9. Delay in Filing or Effectiveness of Registration Statement. If the Registration Statement is not filed by the Company with the Commission on or prior to the Filing Deadline Date, then for each day following the Filing Deadline Date, until but excluding the date the Registration Statement is filed, or if the Registration Statement is not declared effective by the Commission by the Effectiveness Deadline Date, then for each day following the Effectiveness Deadline Date, until but excluding the date the Commission declares the Registration Statement effective, the Company shall, for each such day, pay the Purchaser, as liquidated damages and not as a penalty, an amount equal to 0.15% of the Purchase Price per week; and for any such day, such payment shall be made no later than the first business day of the calendar month next succeeding the month in which such day occurs.
The parties agree that the sole damages payable for a violation of the terms of this Agreement with respect to which liquidated damages are expressly provided shall be such liquidated damages.

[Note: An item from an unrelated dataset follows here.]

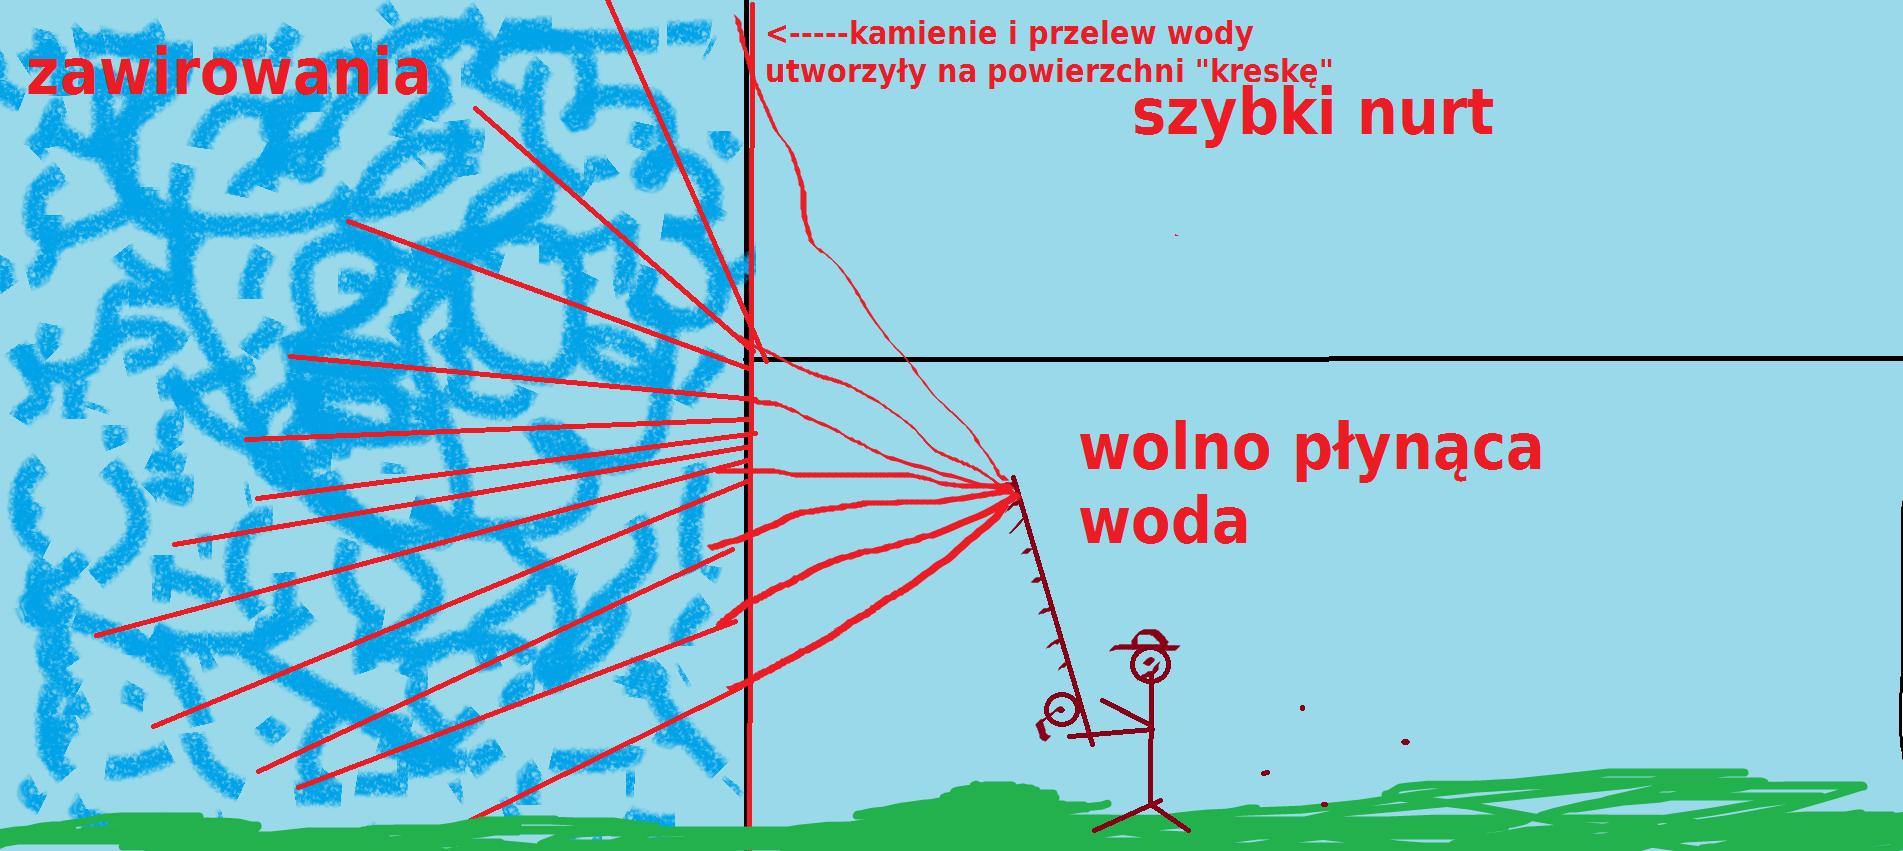 pikefinder.pl/upload_img/24673_2222.png

Nothing shall preclude the Purchaser from pursuing or obtaining specific performance or other equitable relief with respect to this Agreement.
The parties hereto agree that the liquidated damages provided for in this Section 9 constitute a reasonable estimate of the damages that may be incurred by the Purchaser by reason of the failure of the Registration Statement to be filed or declared effective in accordance with the provisions hereof.
10. Transfer of Shares After Registration; Suspension.
(a) The Purchaser agrees that it will not effect any disposition of the Shares or its right to purchase the Shares that would constitute a sale within the meaning of the Securities Act except as contemplated in the Registration Statement referred to in Section 8(a) and as described below or as otherwise permitted by law, and that it will promptly notify the Company of any changes in the information set forth in the Registration Statement regarding the Purchaser or its plan of distribution.
(b) The Company shall, as promptly as practicable, give notice to the Purchaser (i) of any request, following the effectiveness of the Registration Statement under the Securities Act, by the Commission or any other federal or state governmental authority for amendments or supplements to any Registration Statement or related prospectus or for additional information, (ii) of the issuance by the Commission or any other federal or state governmental authority of any stop order suspending the effectiveness of the Registration Statement or the initiation or threatening of any proceedings for that purpose, (iii) of the receipt by the Company of any notification with respect to the suspension of the qualification or exemption from qualification of any of the Shares for sale in any jurisdiction or the initiation or threatening of any proceeding for such purpose, (iv) of the occurrence of a Material Event (as defined in Section 10(c)) and (v) of the determination by the Company that a post-effective amendment to a Registration Statement will be filed with the Commission, which notice may, at the discretion of the Company (or as required pursuant to paragraph 10(c)), state that it constitutes a Deferral Notice, in which event the provisions of Section 10(c) shall apply.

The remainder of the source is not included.